* [THE TASK] Please restate each line of the material word for word and omit any pictures.

* [DATASET CONTENT]
--------------------

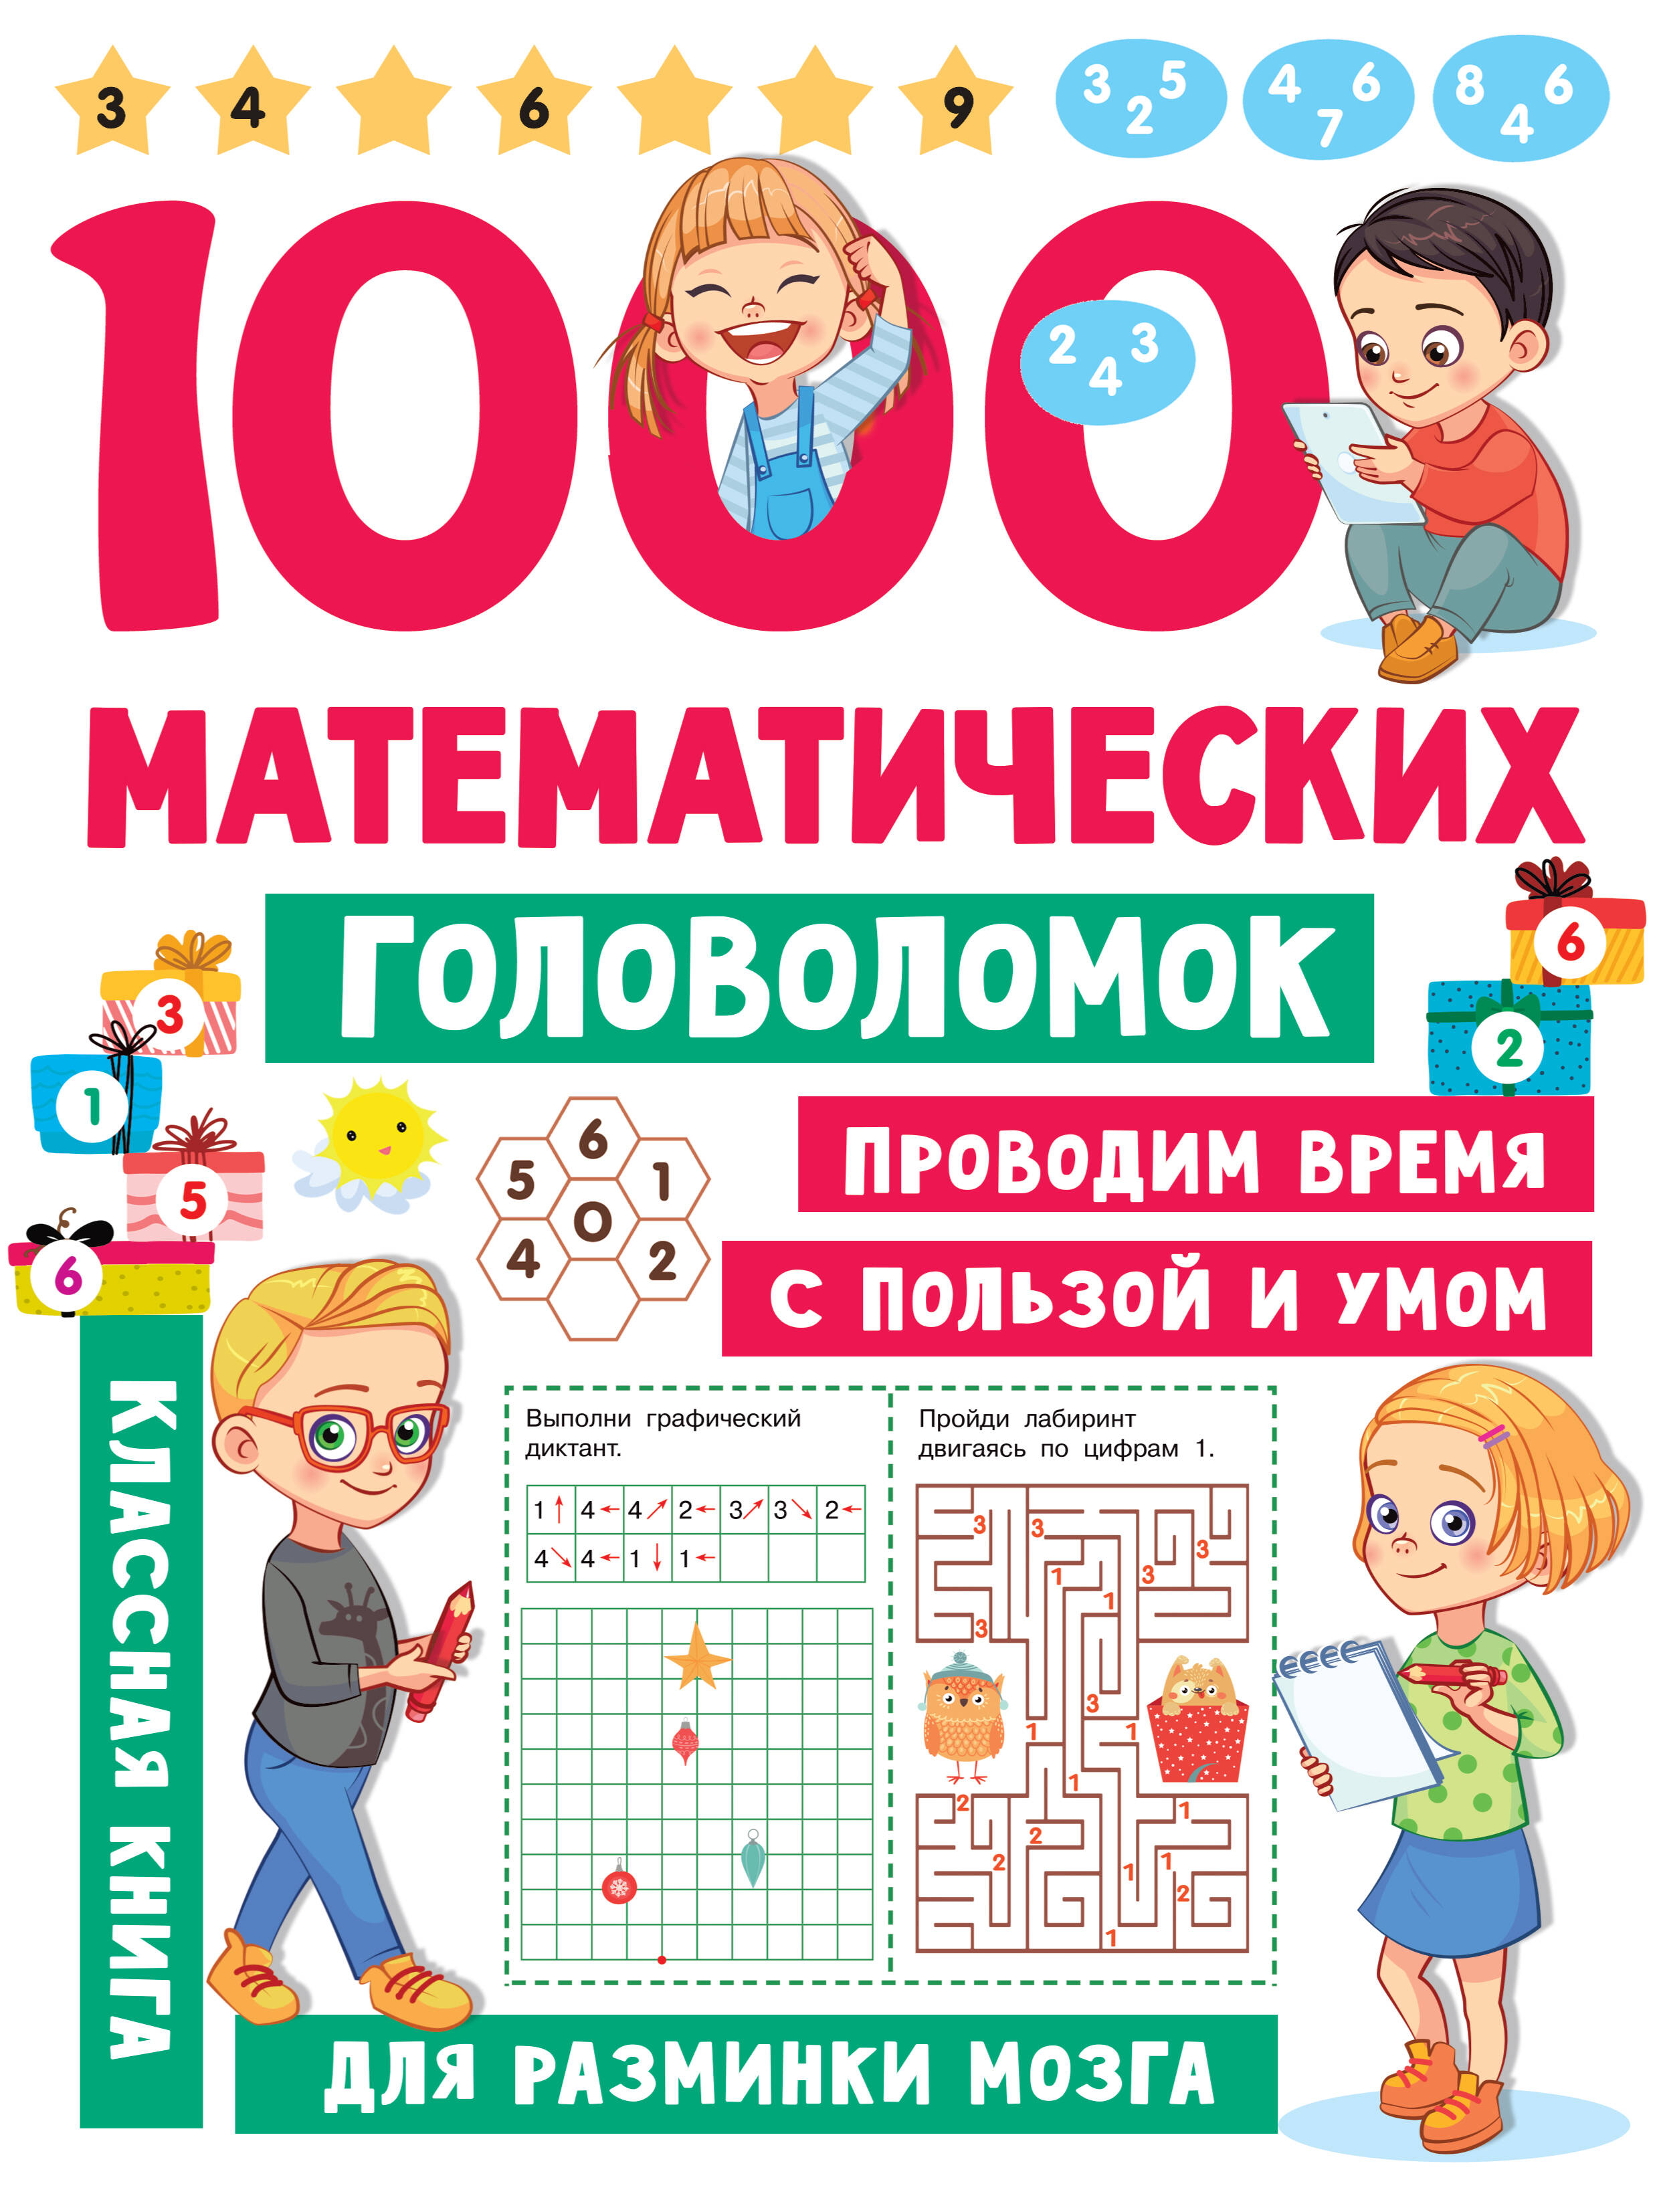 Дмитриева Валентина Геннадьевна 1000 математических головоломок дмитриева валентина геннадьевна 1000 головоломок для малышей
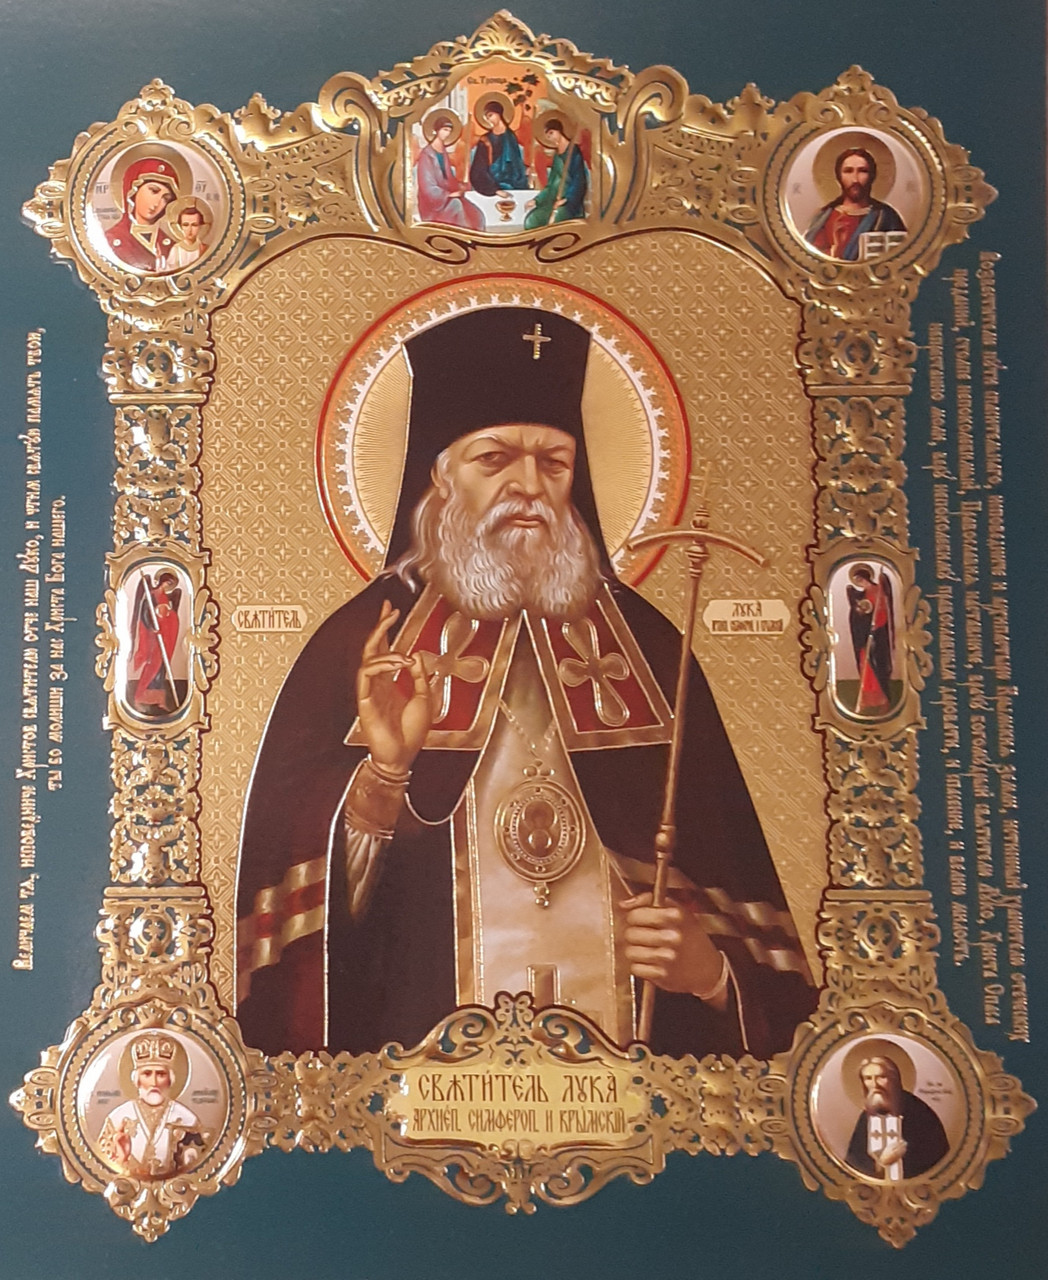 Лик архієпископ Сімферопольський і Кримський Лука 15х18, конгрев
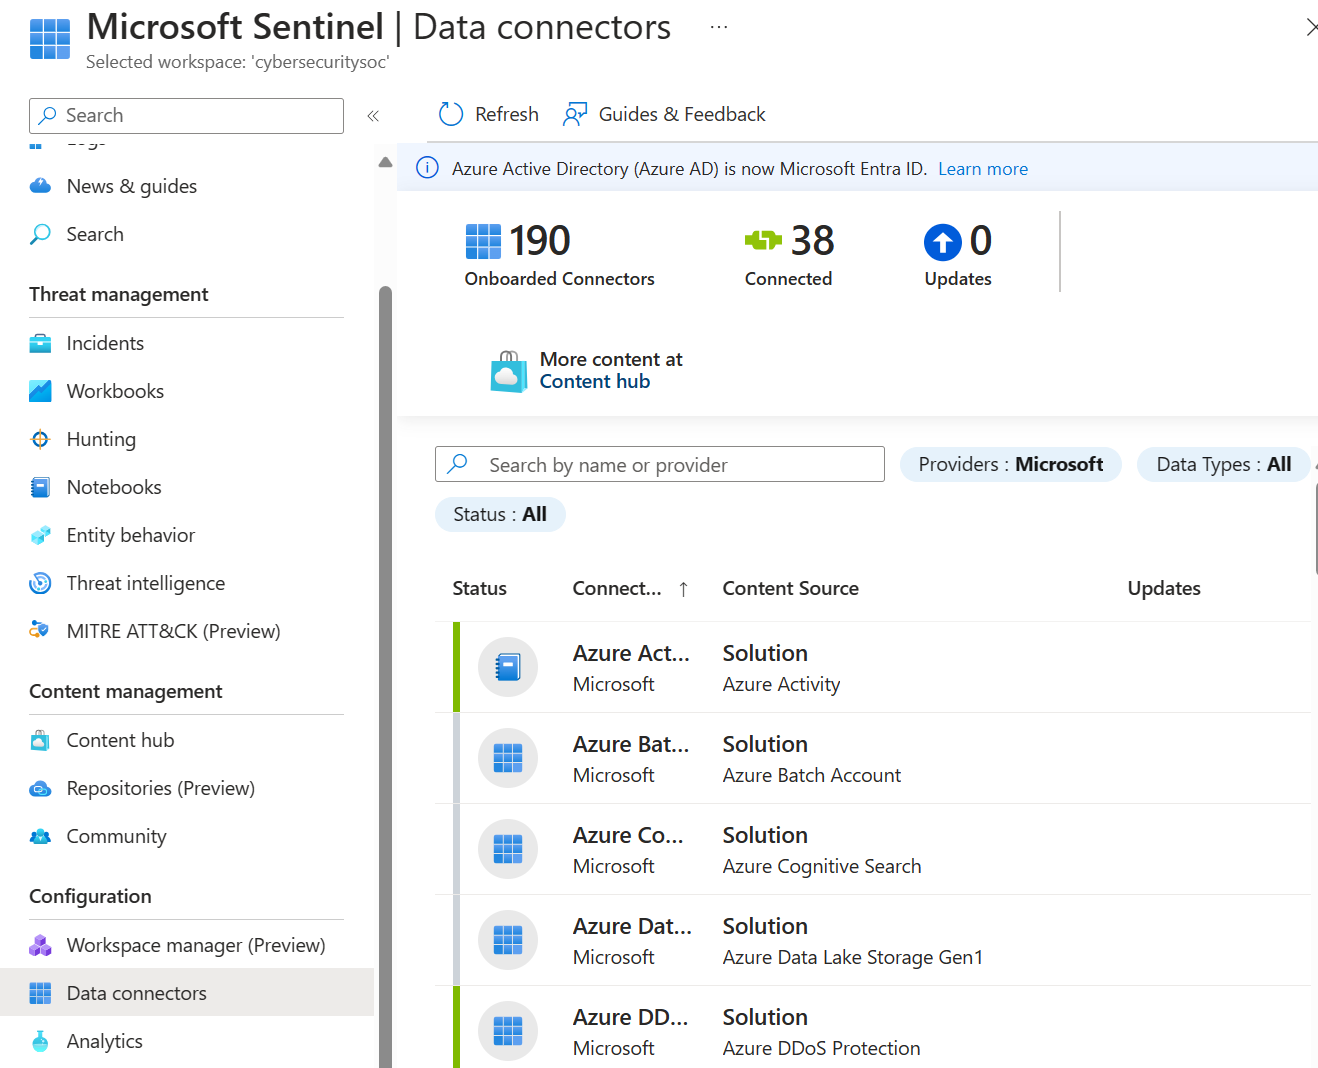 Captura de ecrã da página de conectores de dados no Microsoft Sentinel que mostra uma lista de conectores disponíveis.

--------------------

* [SOLUTION TO THIS PROBLEM]
 Дмитриева Валентина Геннадьевна 1000 математических головоломок дмитриева валентина геннадьевна 1000 головоломок для малышей
 Лик архієпископ Сімферопольський і Кримський Лука 15х18, конгрев
 Captura de ecrã da página de conectores de dados no Microsoft Sentinel que mostra uma lista de conectores disponíveis.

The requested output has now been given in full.